Hegge & Confusione, LLC, New York City (Michael Confusione of counsel), for appellant.
Monaco Cooper Lamme & Carr PLLC, Albany (Jonathan E. Hansen of counsel), for respondent.
Egan Jr., J.P.
Appeal from a judgment of the Supreme Court (Martin D. Auffredou, J.), entered August 23, 2022 in Warren County, upon a decision of the court in favor of defendant.
The parties own properties on Thomas Mountain in the Town of Lake Luzerne, Warren County, and those properties are accessed by turning off of Old Stage Road and heading northward on Griffin Road, which runs over several parcels of real property on the mountain. Plaintiff and her deceased husband purchased two of those parcels in 1989 and 1991, respectively, and she has easement rights entitling her to cross her southerly neighbors' property on Griffin Road to access them. In 1998, Richard E. Shiel purchased a parcel north of plaintiff's property that lacked similar easement rights. Plaintiff initially permitted Shiel to cross her property on Griffin Road to reach his parcel but, in 2004, arrived at her property to find that he "had dug up the whole area" along the road, purportedly impairing her ability to access her property with a vehicle and causing various negative effects to her property. She thereafter directed him to stay off of her property.

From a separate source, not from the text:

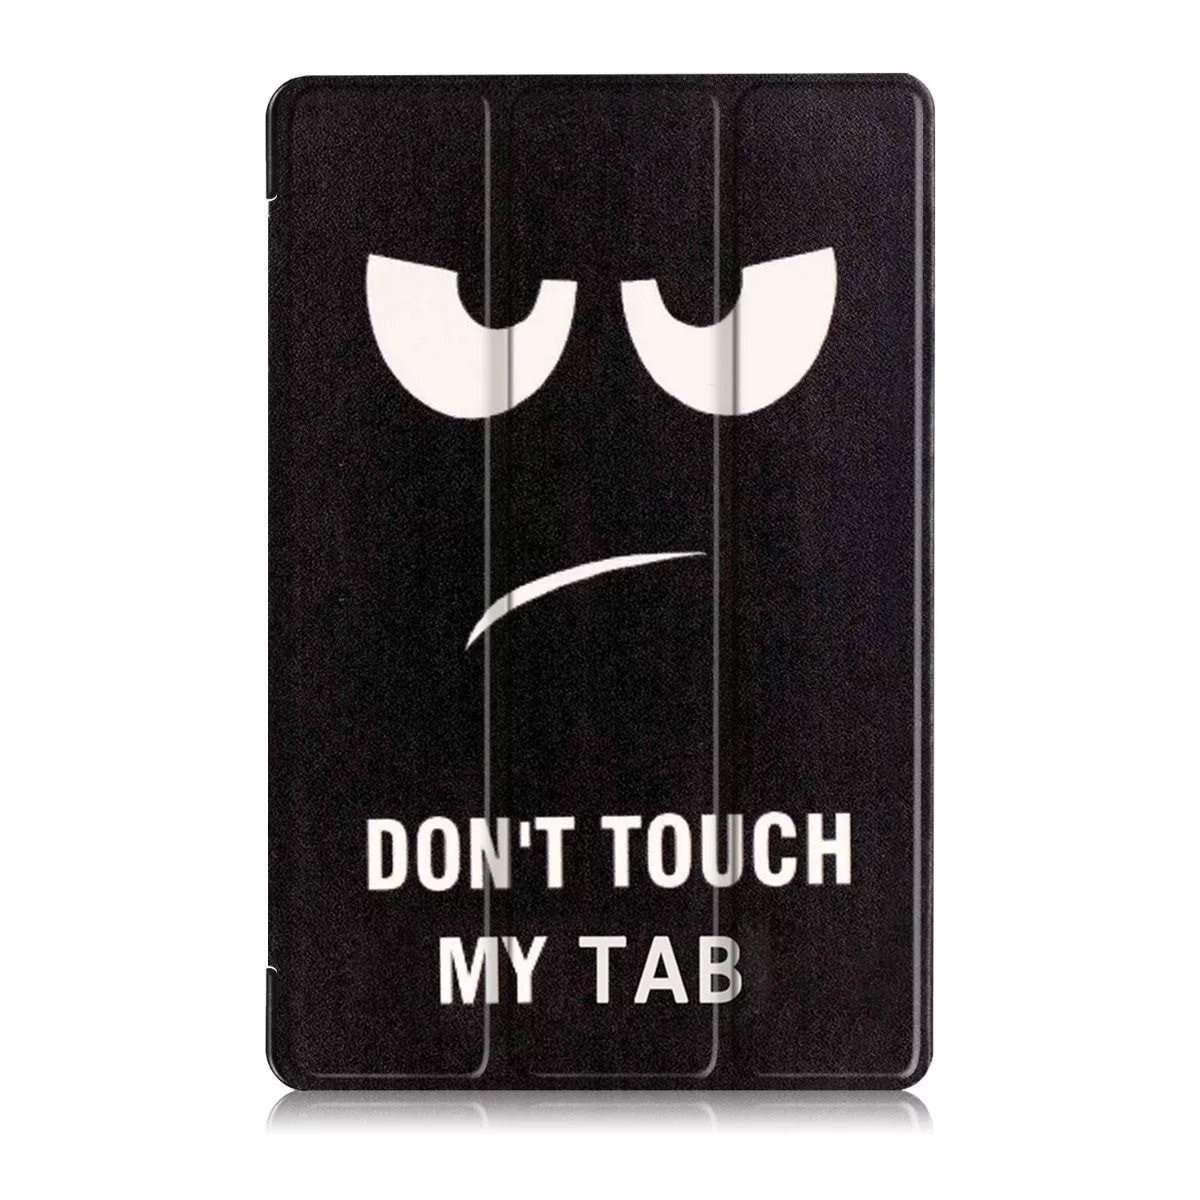 iPad Pro 10.5 Do Not Touch Smart Case - CaseBuddy

Plaintiff commenced this action in 2006 and, as set forth in her third amended complaint, alleged, in part, that Shiel's actions constituted a trespass and that she was entitled to damages for the harm he caused to Griffin Road and her adjacent property.[FN1] Shiel answered and asserted three counterclaims, one of which was that he had a prescriptive easement over Griffin Road. Shiel passed away in the midst of the nonjury trial that got underway 13 years later, leading to the substitution of the executor of his estate as a party defendant. Following the conclusion of trial in 2020, Supreme Court issued a judgment in which it, in relevant part, determined that defendant had a prescriptive easement over Griffin Road and that, while Shiel's actions in 2004 did impermissibly damage the road and plaintiff's property to some degree, plaintiff had not proven the monetary amount of those damages as required. Supreme Court accordingly dismissed the third amended complaint and granted defendant's counterclaim seeking a determination that he had a prescriptive easement over Griffin Road. Plaintiff appeals.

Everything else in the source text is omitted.